When the Church Mythologists established their system, they collected all the writings they could find, and managed them as they pleased. It is a matter altogether of uncertainty to us whether such of the writings as now appear under the name of the Old and New Testament are in the same state in which those collectors say they found them, or whether they added, altered, abridged, or dressed them up.

Be this as it may, they decided by vote which of the books out of the collection they had made should be the WORD OF GOD, and which should not. They rejected several; they voted others to be doubtful, such as the books called the Apocrypha; and those books which had a majority of votes, were voted to be the word of God. Had they voted otherwise, all the people, since calling themselves Christians, had believed otherwise — for the belief of the one comes from the vote of the other.
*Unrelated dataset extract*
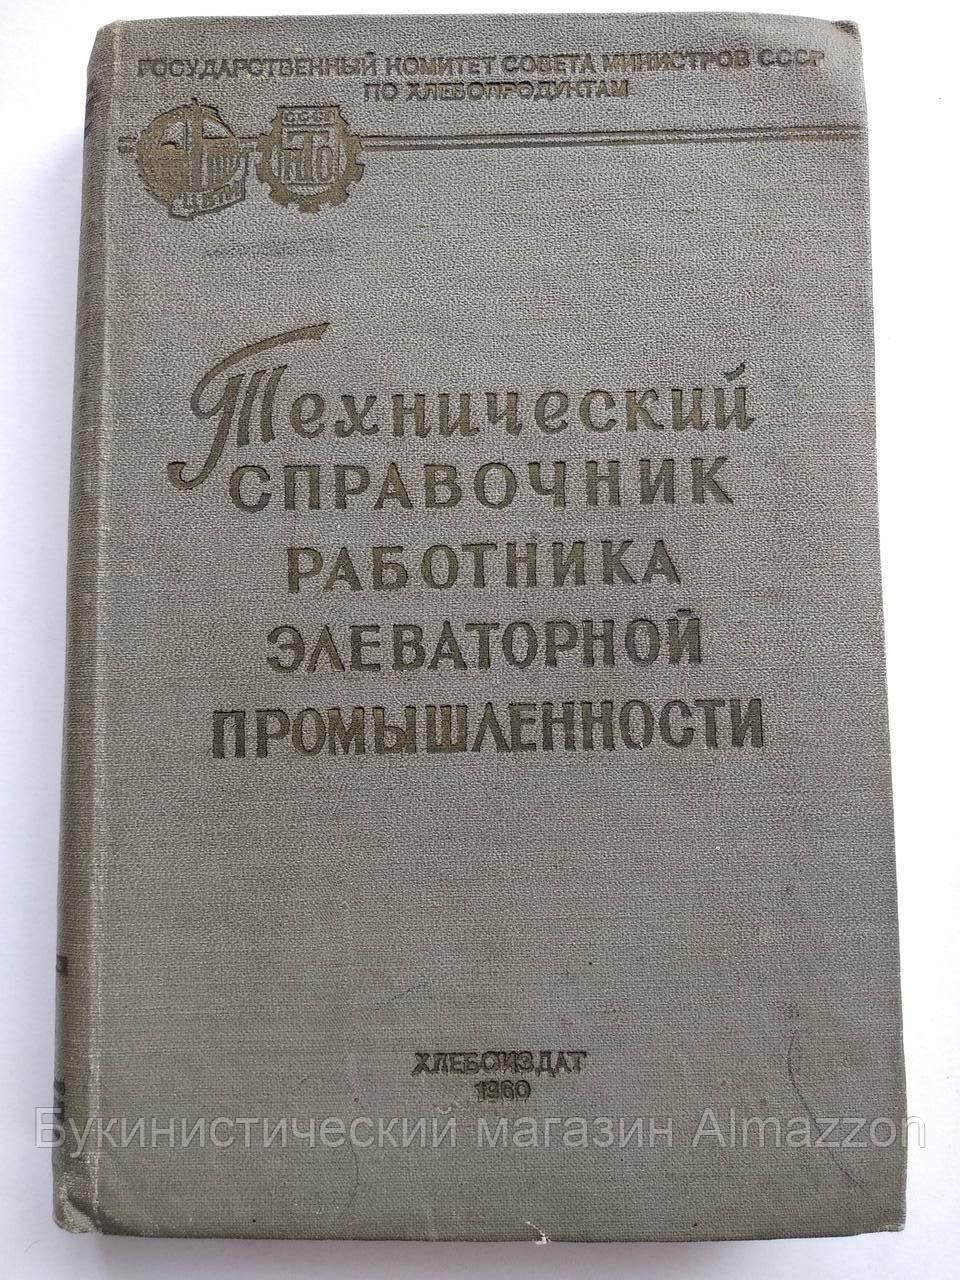 Технический справочник работника элеваторной промышленности Хлебоиздат 1960 год

Who the people were that did all this, we know nothing of; they called themselves by the general name of the Church, and this is all we know of the matter.

As we have no other external evidence or authority for believing these books to be the word of God than what I have mentioned, which is no evidence or authority at all, I come, in the next place, to examine the internal evidence contained in the books themselves.

In the former part of this Essay, I have spoken of revelation; I now proceed further with that subject, for the purpose of applying it to the books in question.

Revelation is a communication of something which the person to whom that thing is revealed did not know before. For if I have done a thing, or seen it done, it needs no revelation to tell me I have done it, or seen it, nor to enable me to tell it, or to write it.

Revelation, therefore, cannot be applied to anything done upon earth, of which man himself is the actor or the witness; and consequently all the historical and anecdotal parts of the Bible, which is almost the whole of it, is not within the meaning and compass of the word revelation, and, therefore, is not the word of God.

When Samson ran off with the gate-posts of Gaza, if he ever did so (and whether he did or not is nothing to us), or when he visited his Delilah, or caught his foxes, or did any thing else, what has revelation to do with these things? If they were facts, he could tell them himself, or his secretary, if he kept one, could write them, if they were worth either telling or writing; and if they were fictions, revelation could not make them true; and whether true or not, we are neither the better nor the wiser for knowing them. When we contemplate the immensity of that Being who directs and governs the incomprehensible WHOLE, of which the utmost ken of human sight can discover but a part, we ought to feel shame at calling such paltry stories the word of God.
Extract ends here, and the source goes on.